Já se ouvia o barulho gotejante da chuva raspando ferozmente o vidro da janela. Eram seis horas da manhã e meus olhos já fitavam o teto a contar os nós da madeira. O dispositivo mental havia sido programado para acordar mais cedo, afinal eu tinha alguns compromissos pela manhã inteira. Compromissos que, se a gente se atrasa, alguns impropérios são lançados para nos cobrir da cabeça aos pés. Deitada, tentando me sentir culpada antes da hora, levantei-me de súbito e num prazo de dez minutos eu estava me sentindo acordada e meio confusa.
Com a visão menos embaçada, comecei pela tarefa que exigiria mais trabalho: uma síntese crítica. Que maçada logo numa manhã chuvosa! A cama tão convidativa, o travesseiro chamando pelo meu nome e eu abnegando-me desses luxos preguiçosos.
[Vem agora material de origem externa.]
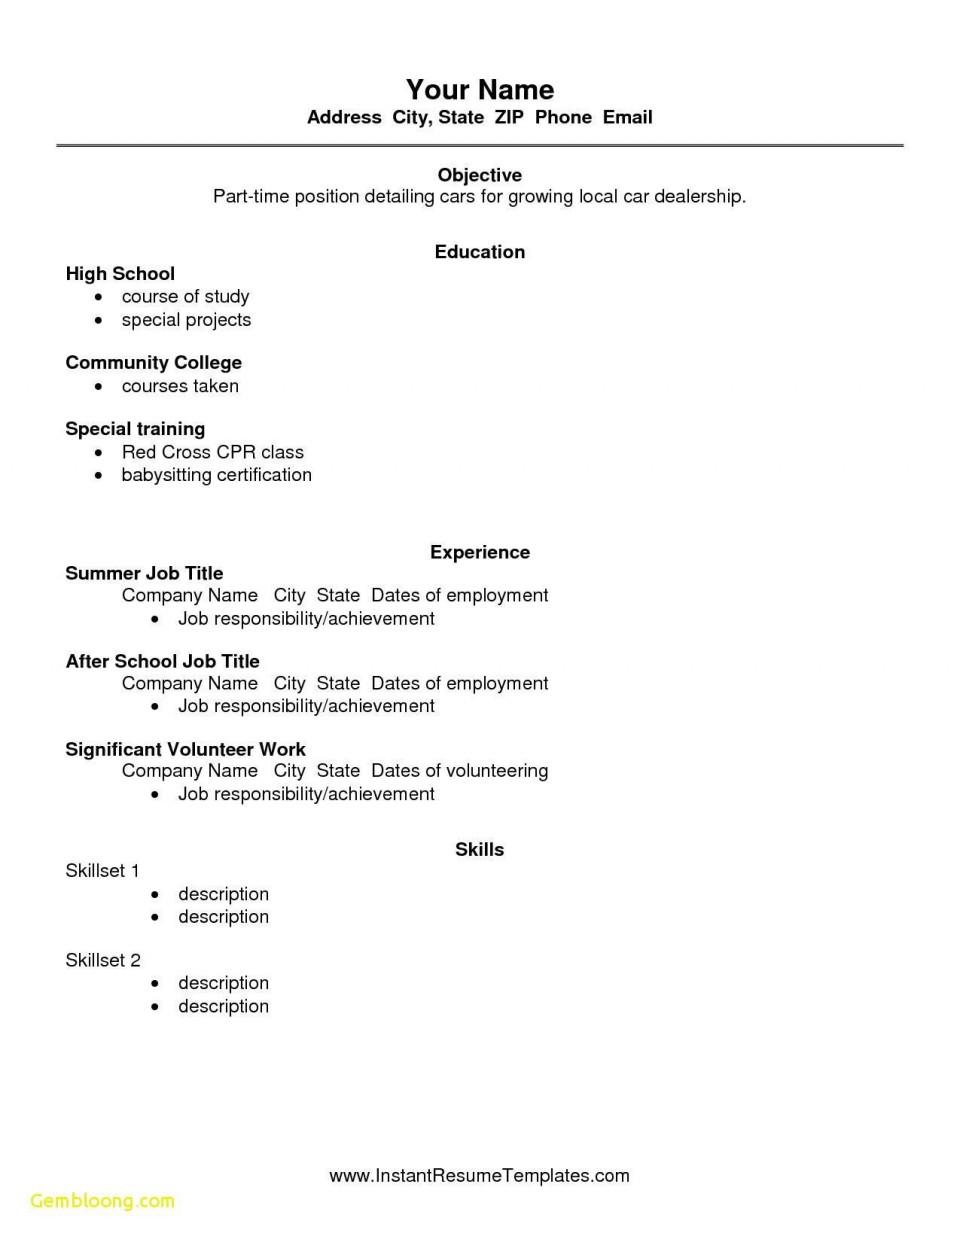 002 Impressive Free High School Resume Template Microsoft Word Highest Clarity 960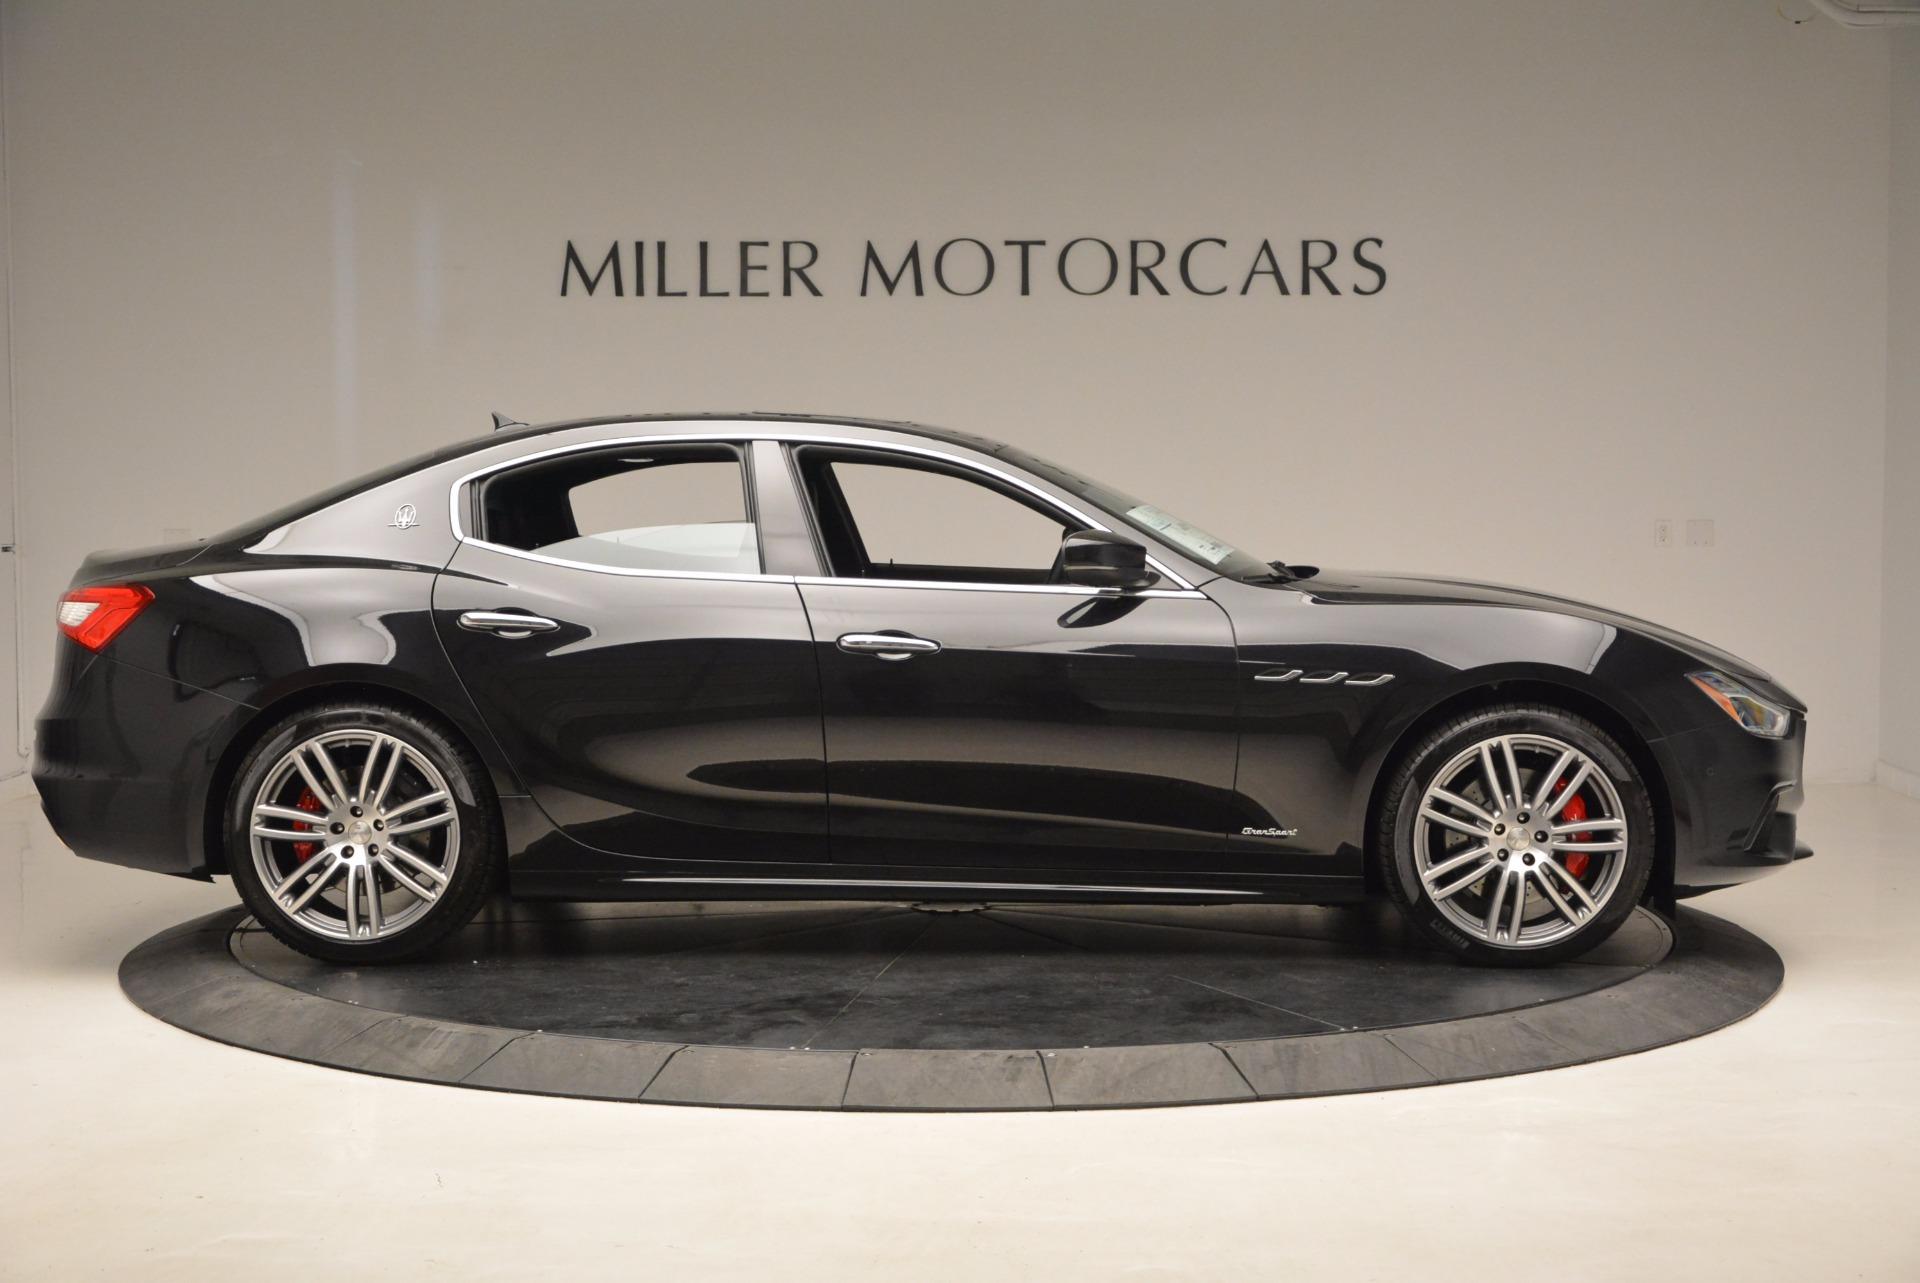 New 2018 Maserati Ghibli S Q4 Gransport For Sale In Greenwich, CT 1855_p9

Vontade não me faltou de me estirar na cama, cobrir-me com o cobertor e dormir por mais, no mínimo, três horas. Só que depois a única a arcar com as consequências seria eu. Além disso, ainda que não houvesse um tique-taque frenético nos meus ouvidos, algo a minha frente logo desempenharia a função do despertador chato, o celular. Estava estampado na tela daquele telefone móvel que, se eu me dedicasse a mais alguns minutos de indecisão, seria punida. A única forma de evitar qualquer embaraço era me dedicar ao que de fato me fez despertar nesse horário em que os galos ainda estão dormindo.
Eram oito horas e apenas um parágrafo se desenrolara graças à lentidão do meu raciocínio. Como se isso não bastasse, ele parecia me encarar com tom de deboche por meio da tela do notebook. Convicta de que eu devia terminar antes das nove horas, reiniciei o processo de leitura e produção de texto com a presteza de alguém que acaba de acordar. O que antes era somente um parágrafo a confrontar-me, meia hora depois transformara-se num texto bem disposto numa folha de papel A4. O primeiro passo eu havia concluído com êxito, bem como as demais atividades que elenquei fazer nesta manhã.
Almocei, me arrumei, organizei os papéis das disciplinas de hoje e fui à Universidade. Ao abrir a porta da sala de aula, dei de cara com três colegas debruçadas cada qual em um ofício diferente e o pior: a professora não estava lá. Avistei de relance uma frase em giz branco contrastante no quadro verde: "Hoje não terá aula da professora Fulana". Uma corrente elétrica perpassou o meu corpo inteiro a me chicotear. Nem para justificar! Lembrei-me da cama, do cobertor e, principalmente do travesseiro que me encararam pela manhã. Esse último, por causa da pontada de raiva que senti, adquirira um semblante de pena. Mesmo assim, me persuadi de que as atividades já estavam prontas e que outro dia seria poupado, tentando me convencer de que não foi tão ruim assim acordar cedo.
Correu a primeira "aula", veio o intervalo e a continuidade deu-se como de hábito. Entretanto, a professora do segundo horário nos soltara mais cedo a fim de conversar a sós com umas colegas a respeito de trabalhos/apresentações. Considerando que chegaria a casa uns vinte minutos antes, planejei ir à academia. Esse pensamento foi tão forte que consegui me ver diante do espelho executando as séries, como também me vi caminhando na esteira por quinze minutos, que é o tempo dedicado por mim e estabelecido pelo instrutor. Em casa, tomei café ao mesmo tempo em que elegia mentalmente a roupa adequada para realizar os exercícios de hoje. Alimentava assim o meu estômago vazio e a mania de ser perfeccionista em coisas banais.
Pronta, com os tênis, calça de ginástica, moletom quentinha com capuz para me proteger dos respingos pluviais sento-me perto da televisão e começo a pensar. Em quê eu não sei exatamente, porém o fluxo de ideias foi tão intenso ao ponto de eu concluir que hoje eu não queria fazer atividade física. Não era uma vontade pura, eu diria. Inseri nessa conclusão a problemática da mensalidade como contra-argumento, e foi em vão. Os planos foram com a chuva, assim como as horas voaram pela manhã. Infelizmente, assim como o sono e a preguiça foram esbofeteados e rapidamente atirados pela janela às seis horas. Antes eu não tivesse saído do aconchego, foi tudo uma perda de tempo. Maldito celular.